HDFS data after nodes become unavailable?

2015-02-25 Thread tesm...@gmail.com
Dear all,

I have transferred the data from local storage to HDFS in my 10 nodes
Hadoop cluster. The relication facotr is 3.

Some nodes, say 3,  are not available after some time. I can't use those
nodes for computation or storage of data.

What will happen to the data stored on HDFS of those nodes?

Do I need to remvoe all the data from HDFS and copy it again?

Regards,


Re: HDFS data after nodes become unavailable?

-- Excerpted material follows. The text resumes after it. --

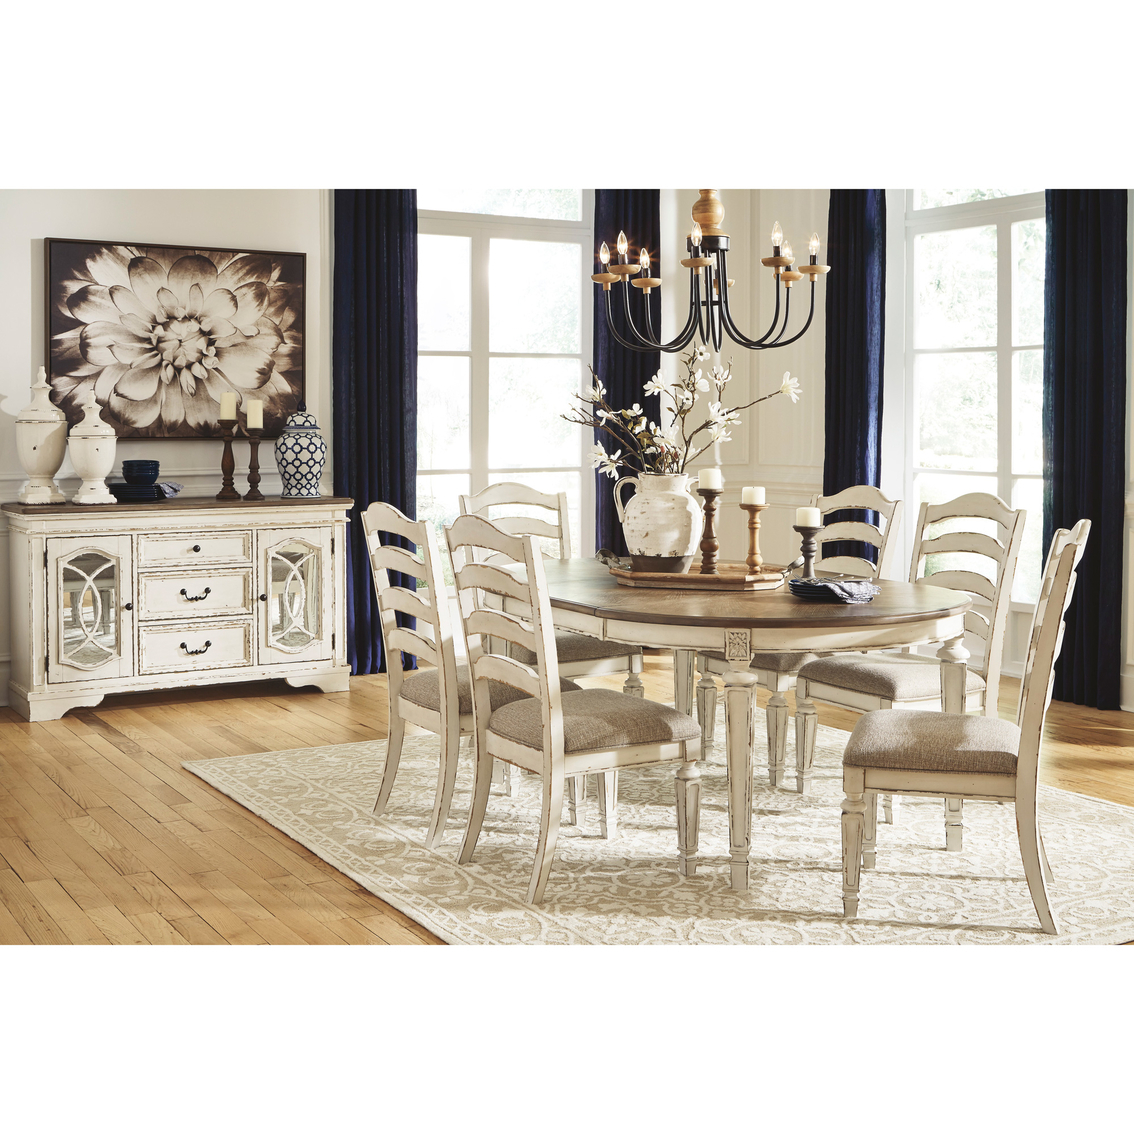 Realyn Oval Dining Room 7pc Set Table W6 Ladder Back Chairs within dimensions 1134 X 1134

2015-02-25 Thread Rajesh Kartha
Do you know why the 3 nodes are down ? With replication,  the copy of data
that were hosted on those failed nodes will not be available. However, the
data will still be served by the hosts having the other 2 copies - so I
don't think you need to copy the data again.

Unless for some reason the 3 copies of some data ended up on these nodes,
in which case those will not be available

Maybe you could do a ' hadoop fsck /'  to confirm if the HDFS is healthy.

-Rajesh

On Wed, Feb 25, 2015 at 9:21 AM, tesm...@gmail.com tesm...@gmail.com
wrote:

 Dear all,

 I have transferred the data from local storage to HDFS in my 10 nodes
 Hadoop cluster. The relication facotr is 3.

 Some nodes, say 3,  are not available after some time. I can't use those
 nodes for computation or storage of data.

 What will happen to the data stored on HDFS of those nodes?

 Do I need to remvoe all the data from HDFS and copy it again?

 Regards,